### PROBLEM DETAILS
Line by line, transcribe the data below exactly and pass over the images.

### INFORMATION SHOWN
[Start of Attachment]

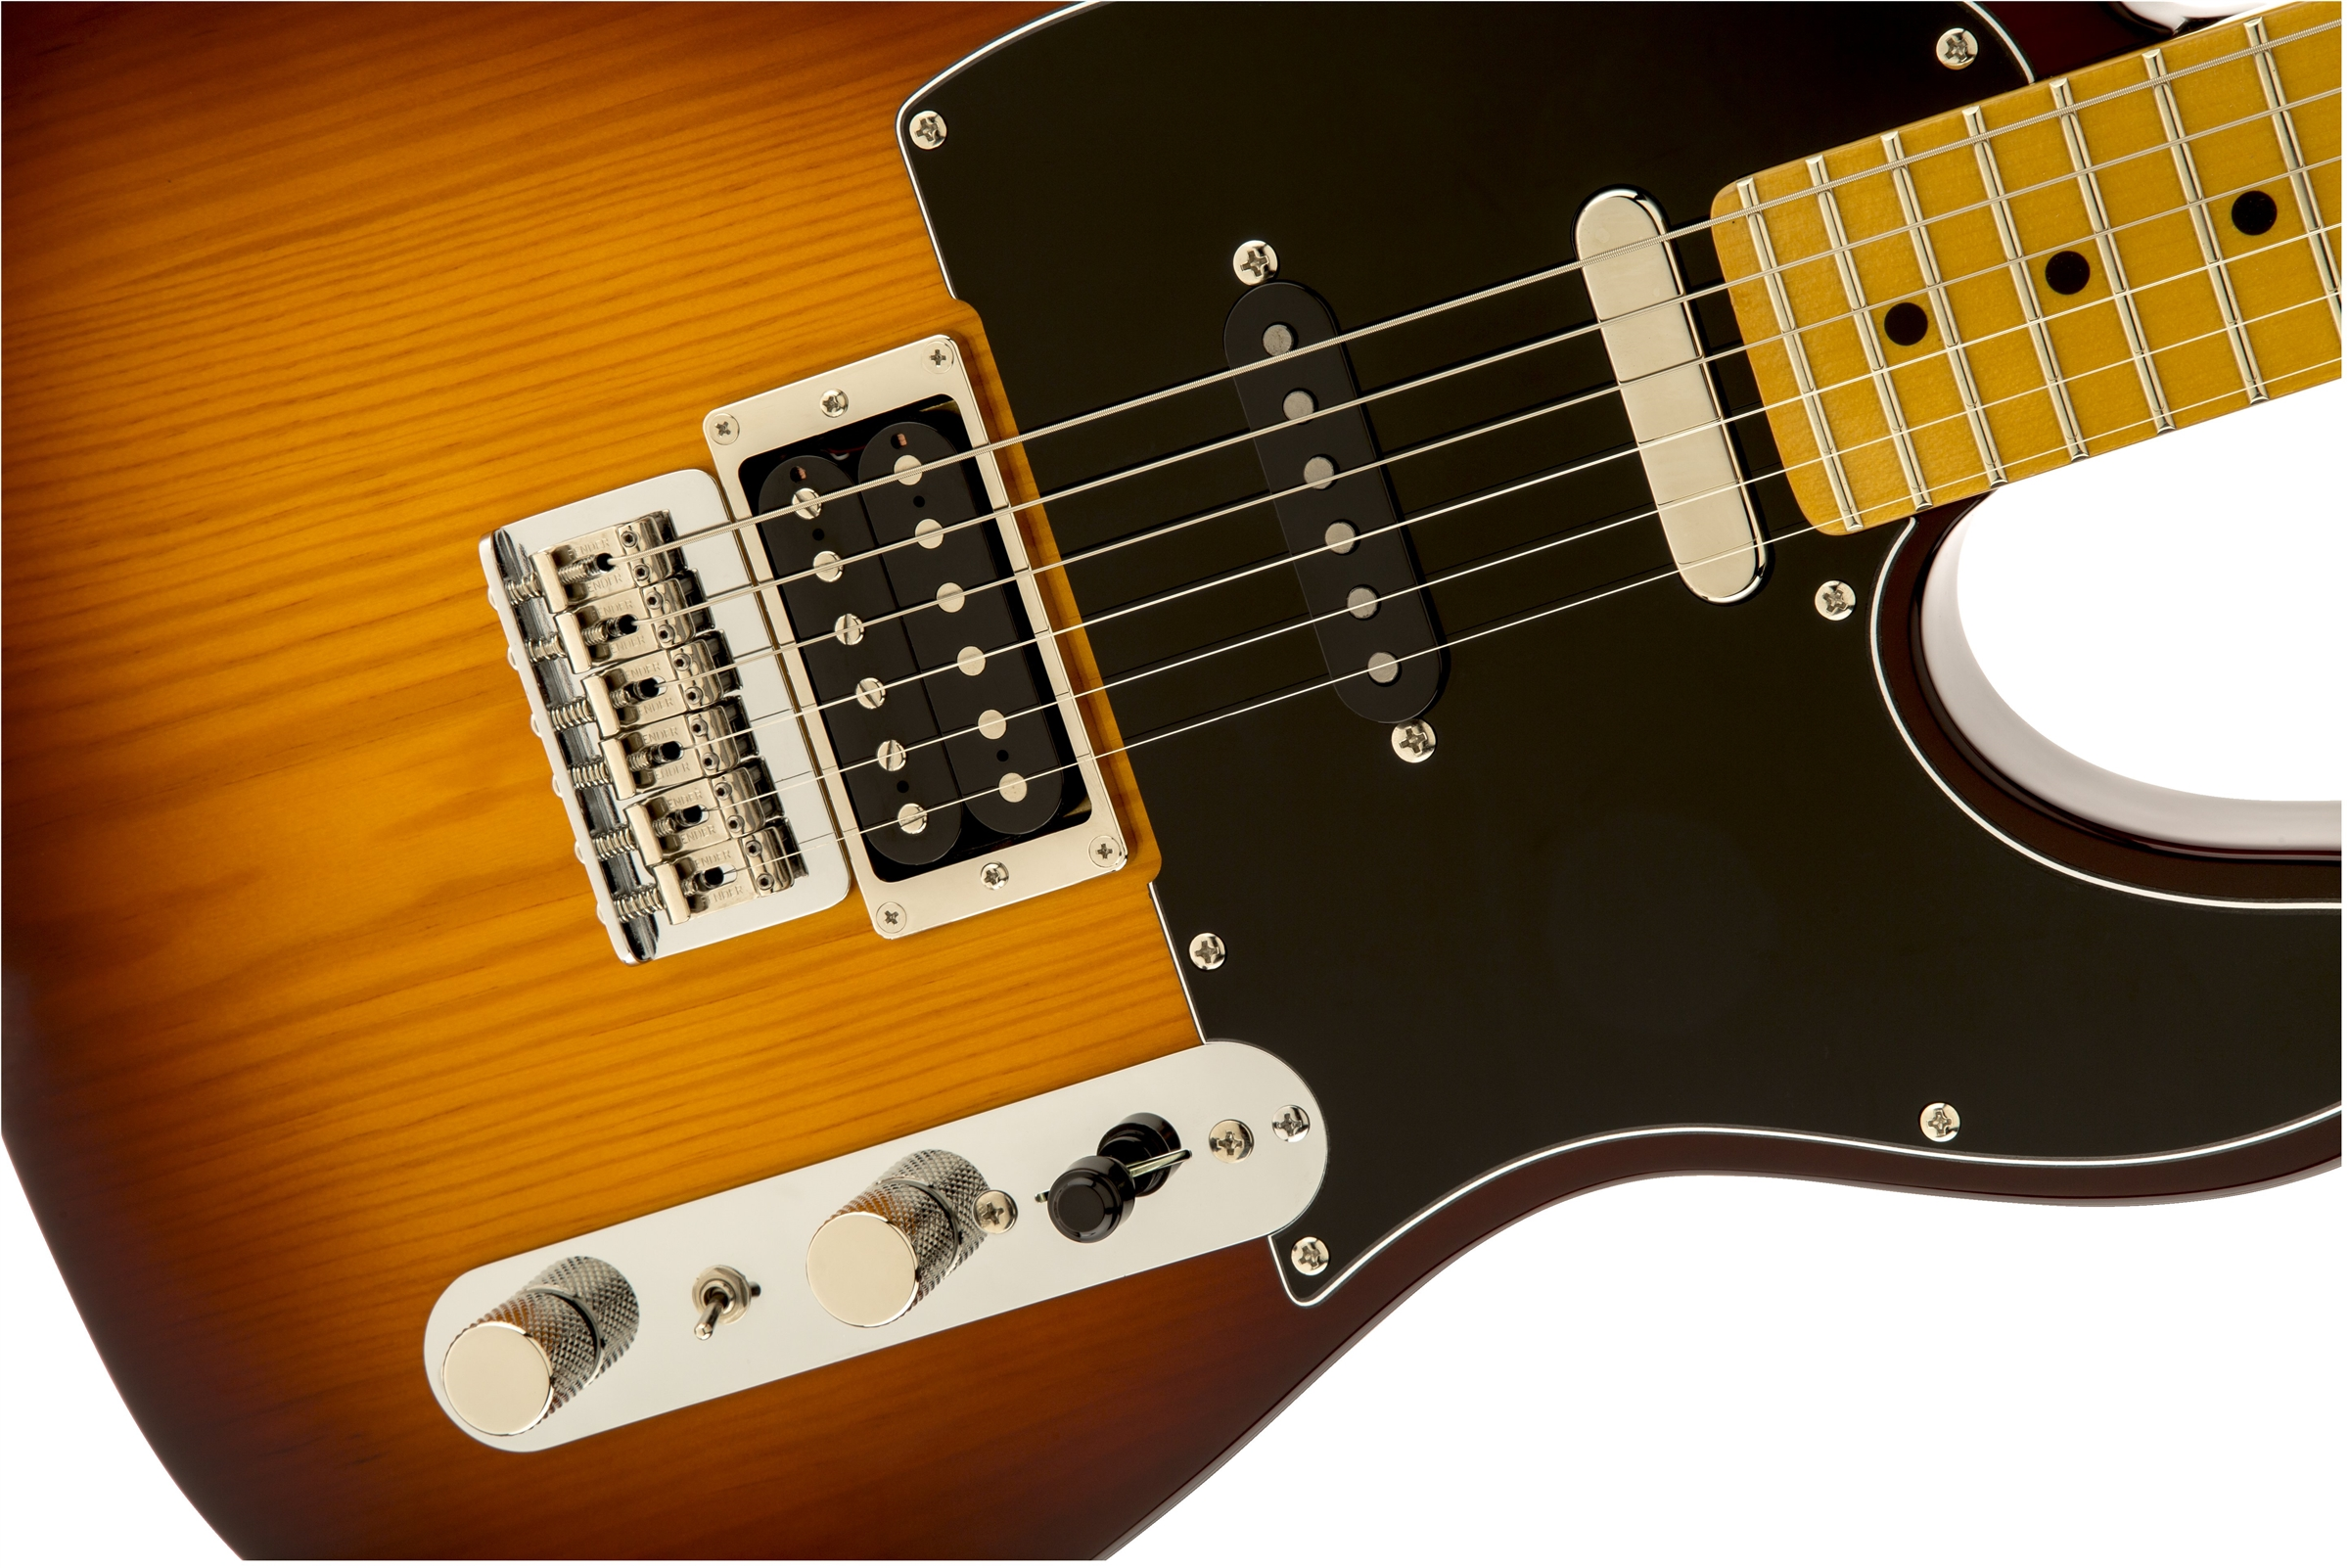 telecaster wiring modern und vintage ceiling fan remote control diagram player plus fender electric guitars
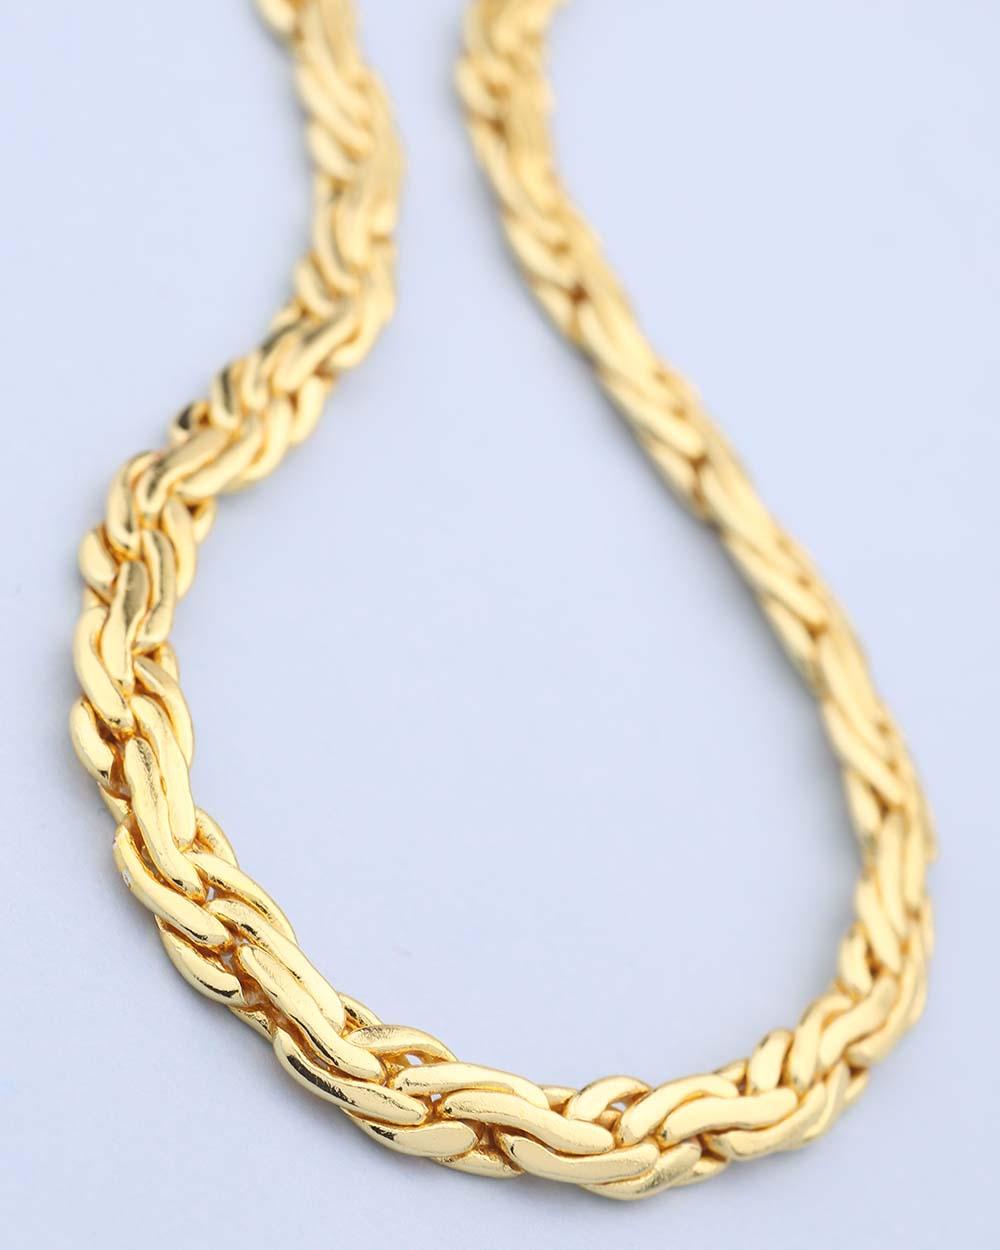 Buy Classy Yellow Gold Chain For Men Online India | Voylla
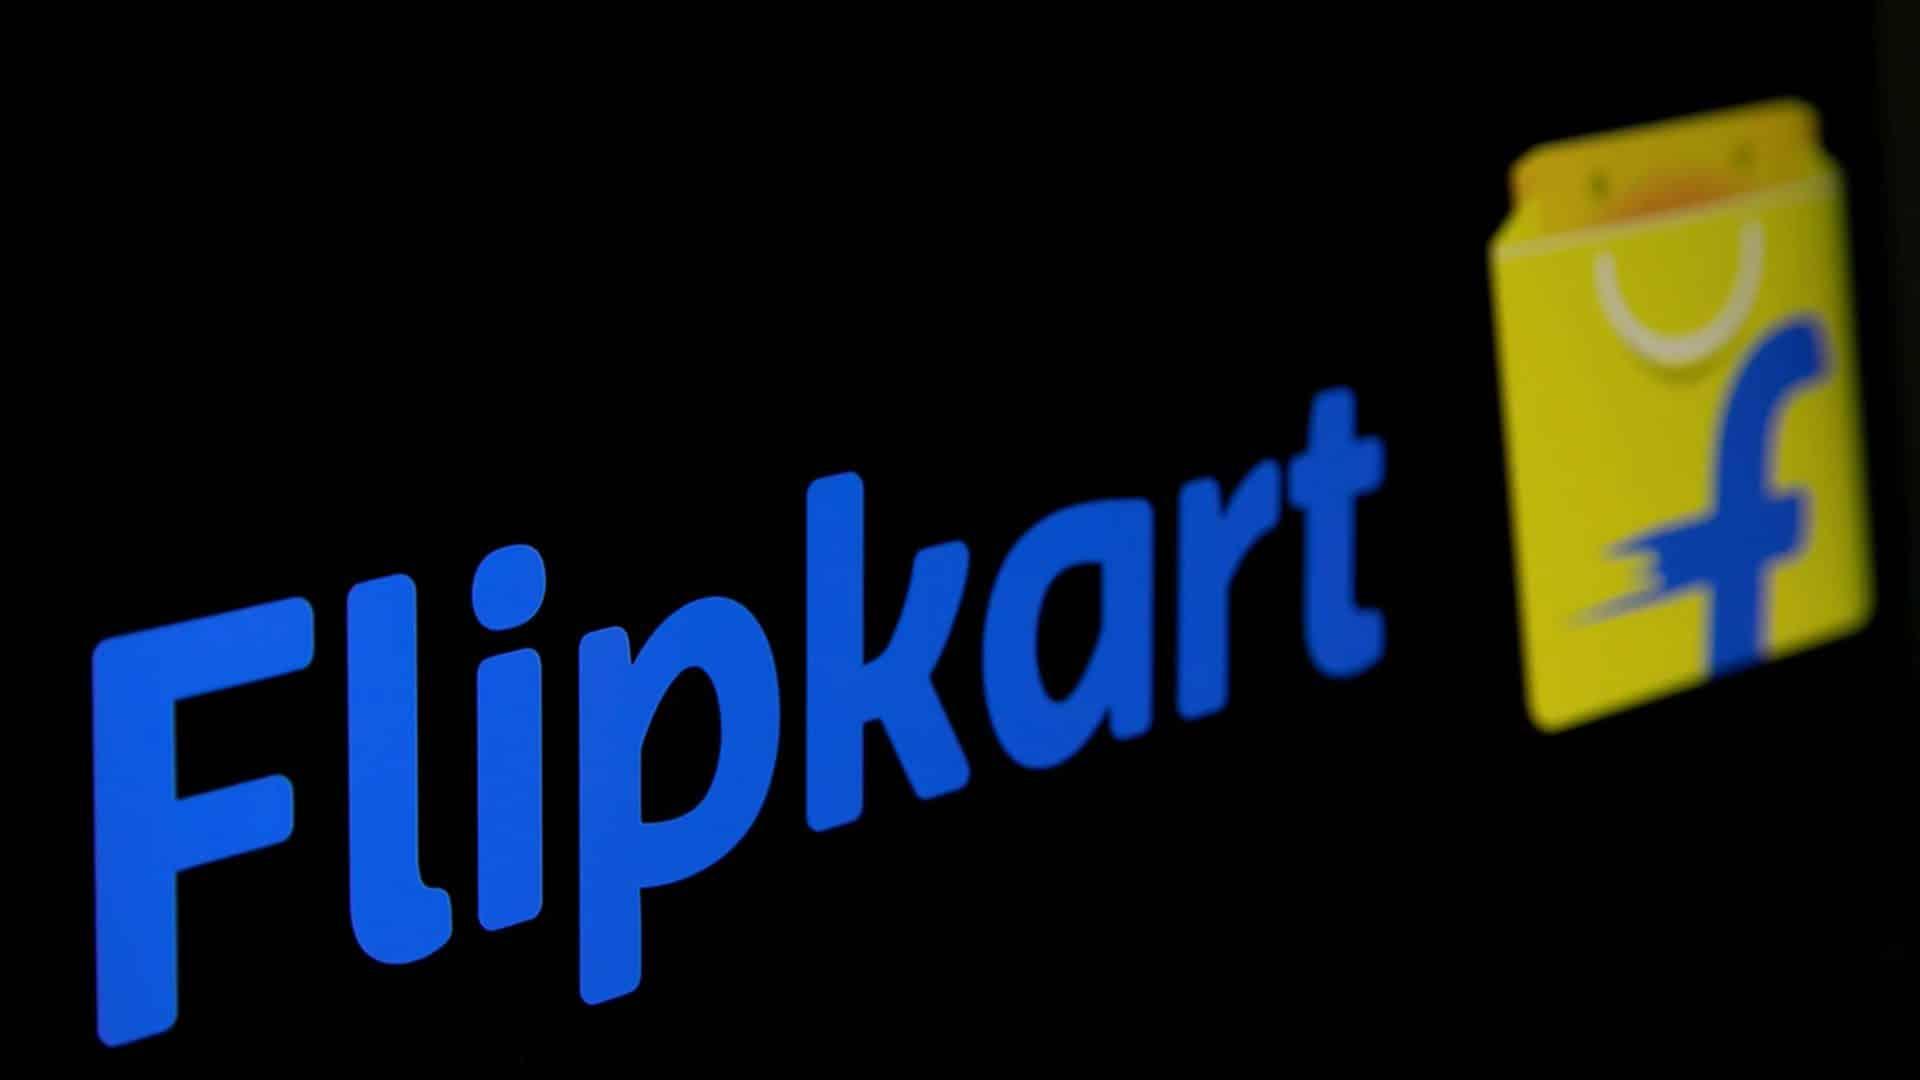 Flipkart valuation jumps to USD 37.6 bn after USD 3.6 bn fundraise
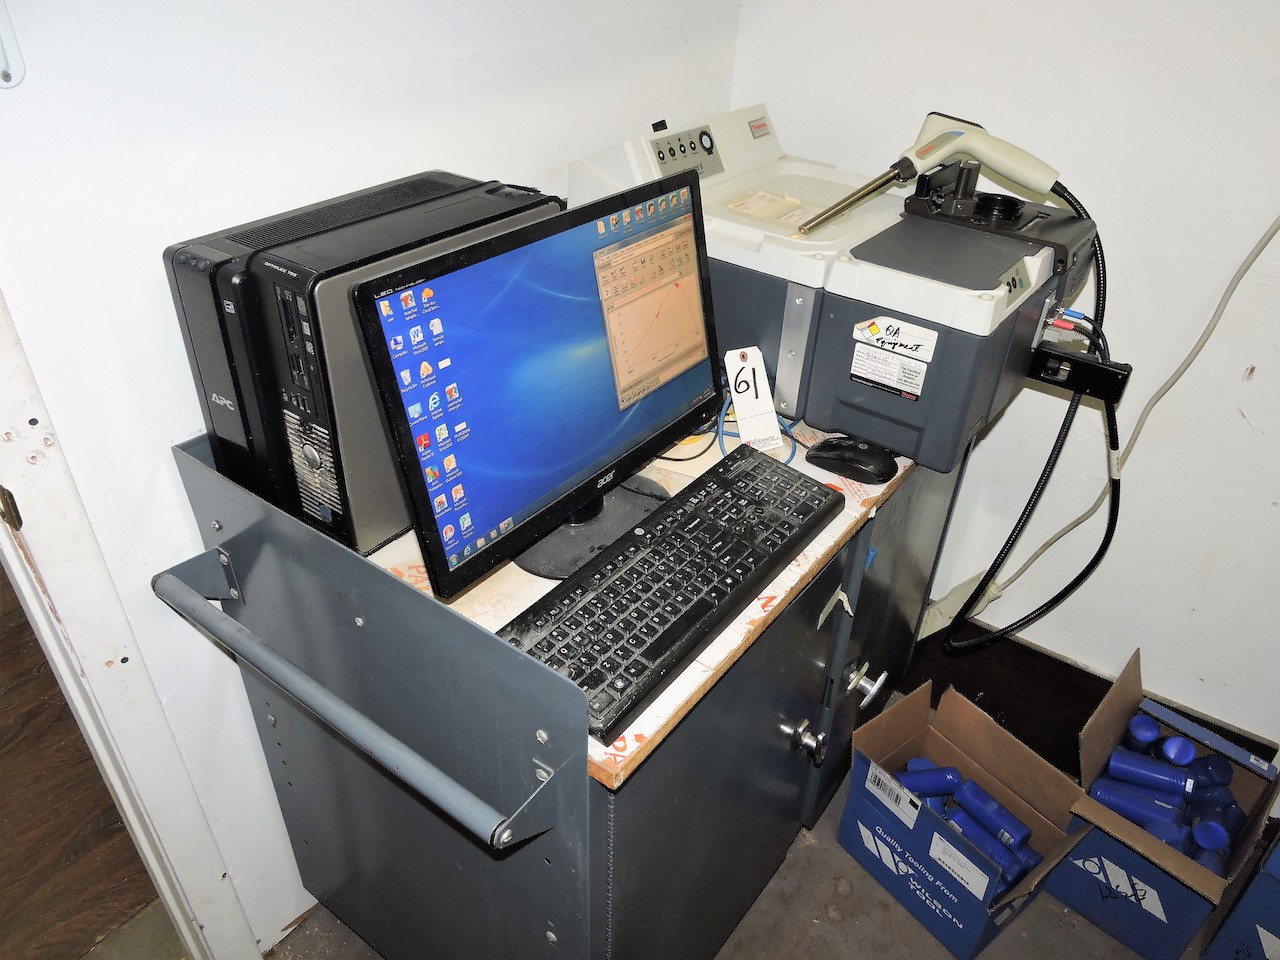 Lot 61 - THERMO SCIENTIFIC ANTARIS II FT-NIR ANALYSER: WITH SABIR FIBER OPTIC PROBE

[End of Attachment]

### EXERCISE RESPONSE
 telecaster wiring modern und vintage ceiling fan remote control diagram player plus fender electric guitars
 Buy Classy Yellow Gold Chain For Men Online India | Voylla
 Flipkart valuation jumps to USD 37.6 bn after USD 3.6 bn fundraise
 Lot 61 - THERMO SCIENTIFIC ANTARIS II FT-NIR ANALYSER: WITH SABIR FIBER OPTIC PROBE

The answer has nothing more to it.